Crossroads might have suffered for being a movie that to younger audiences sounded like it was for their grandparents, while Macchio might have signaled to adults that the movie was for kids. Rated R by the MPAA for the colorful insults Willie throws around, teenagers couldn’t buy tickets anyway, and after one weekend among the top ten grossing films, Crossroads disappeared. It's worthy of rediscovery. Stories about recording stars–ill-fated or not–bargaining with the Devil for their talent have perpetuated every genre from ragtime jazz to rock ‘n roll, but in none of these tales does the debtor try to rescind the deal.
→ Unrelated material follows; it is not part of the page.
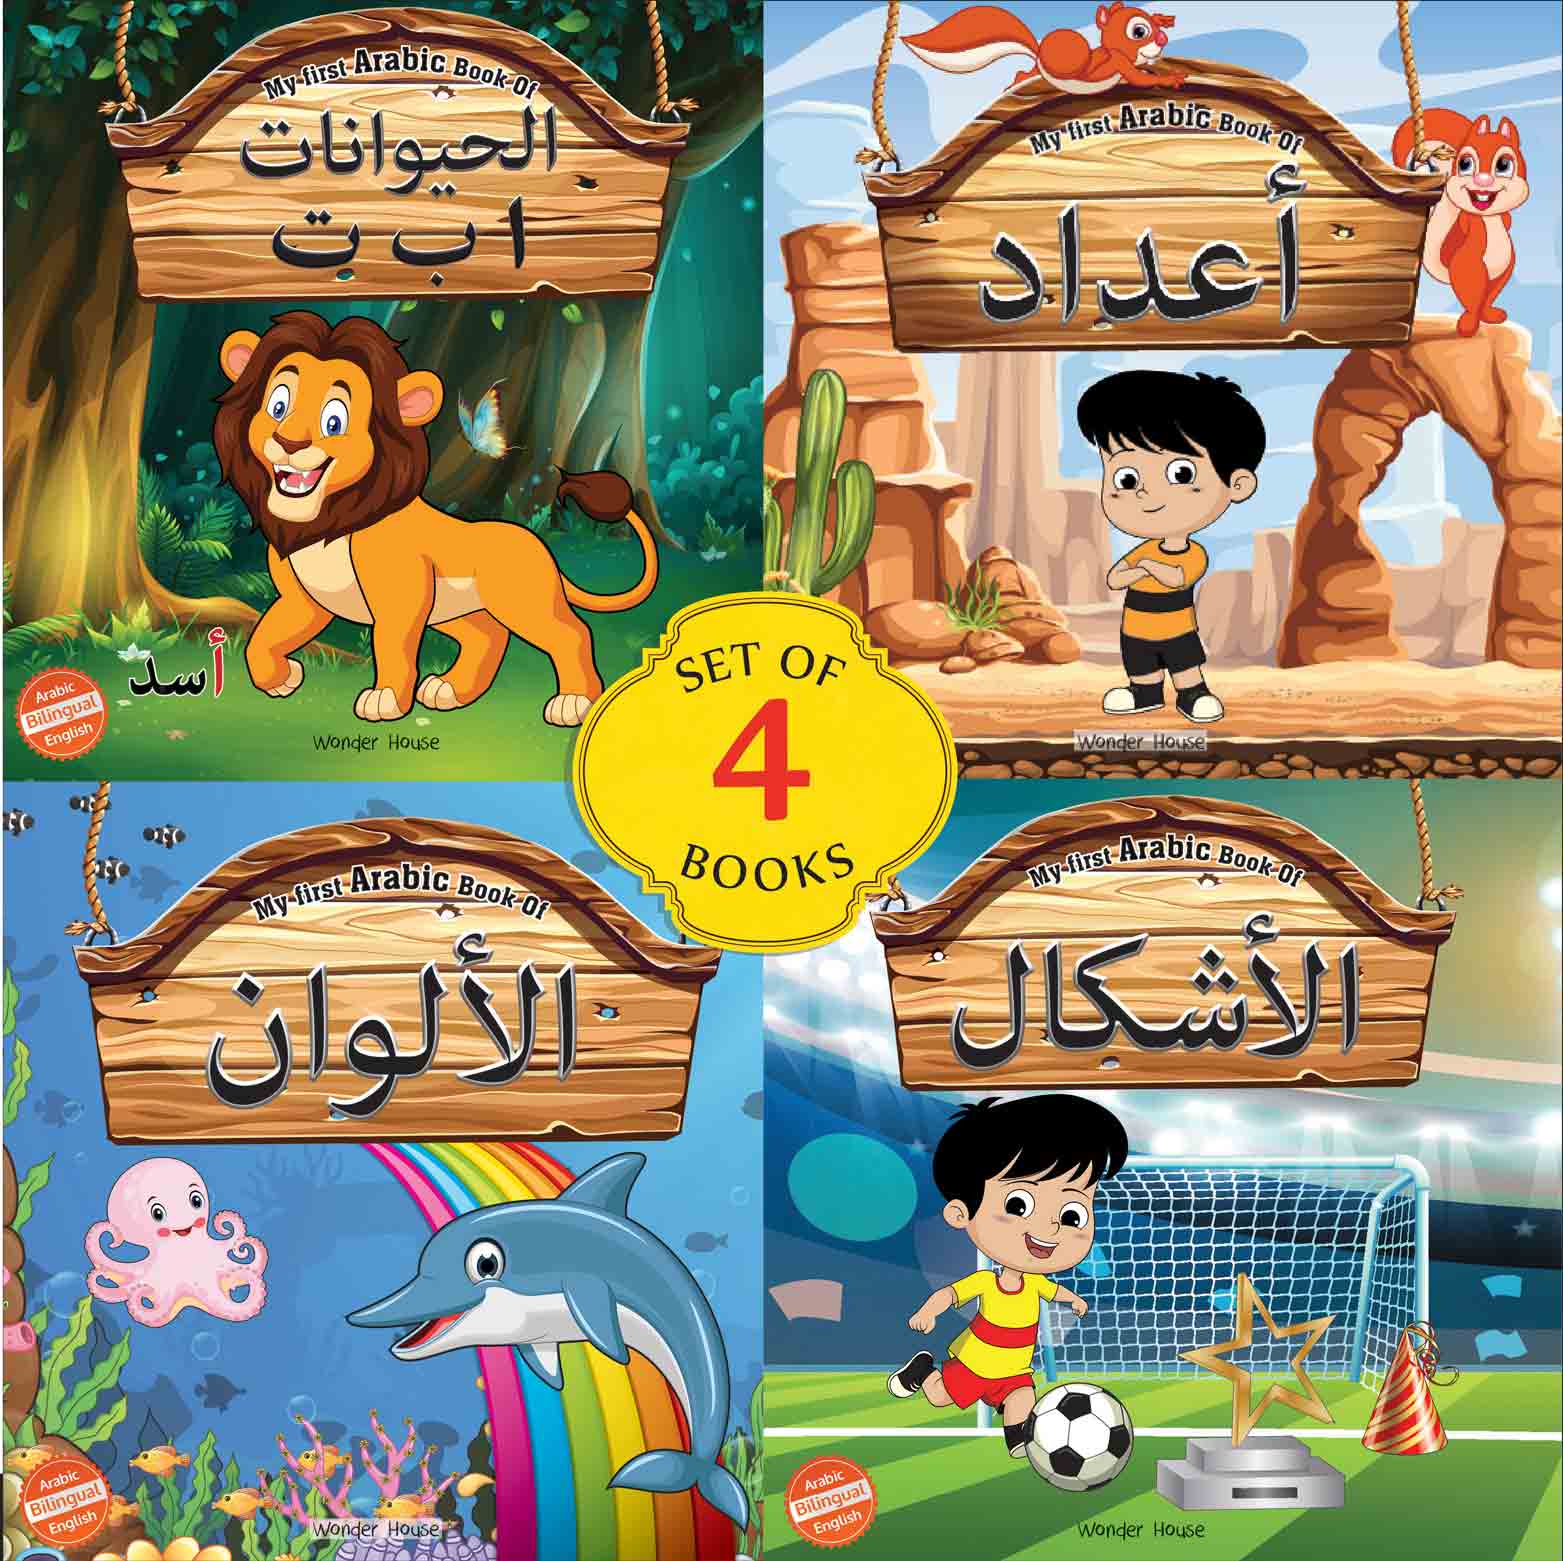 My First Arabic Book Box Set of 4 books: A set of four books for children

The picture isn’t at all coy about whether Willie is simply senile or he did meet the Devil at the crossroads, but underneath its flights of fantasy, the script by John Fusco dramatizes the hard times a bluesman was known to encounter making his way across the land of cotton, the screenwriter having traveled the same circuit as a white musician and played in some of the same dives. Even if they’d tried, the filmmakers wouldn’t have been able to scrub the dirt from under the story’s fingernails.
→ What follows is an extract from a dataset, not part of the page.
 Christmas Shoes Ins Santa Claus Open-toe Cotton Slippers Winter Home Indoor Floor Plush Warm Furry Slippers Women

The curation of blues music–in an era ruled by Prince and the pop artists chasing him–is commendable, while the musical sequences, even Macchio’s character improvising in class, are a delight. Macchio, whose character in The Karate Kid is a punk who learns composure from his mentor, starts off as a snot here too–trying to con Willie into teaching him a fabled song that Robert Johnson was said to have written and never recorded–but doesn’t grow kinder so much as he endures hardships that expand his talent. Macchio is well cast, as was Joe Seneca, an R&B artist and songwriter whose appearance opposite Paul Newman in The Verdict (1982) launched an acting career in the last fifteen years of his life. After the success of 48 HRS. (1982), director Walter Hill seemed to be on a runaway train of bigger and emptier pictures, but got his groove back with Crossroads, a quirky B-movie with A-class music. Not enough can be said of Ry Cooder, for whom this script seems written for. While the film does tread water between musical sequences, the climactic headcuttin’ duel between Lightnin’ Boy and the Devil’s own Jack Butler (Steve Vai) is enthralling. Directed by a western aficionado, Crossroads is nonetheless a film where two men settle their differences with guitars, not guns. That’s different, and so is much of this movie.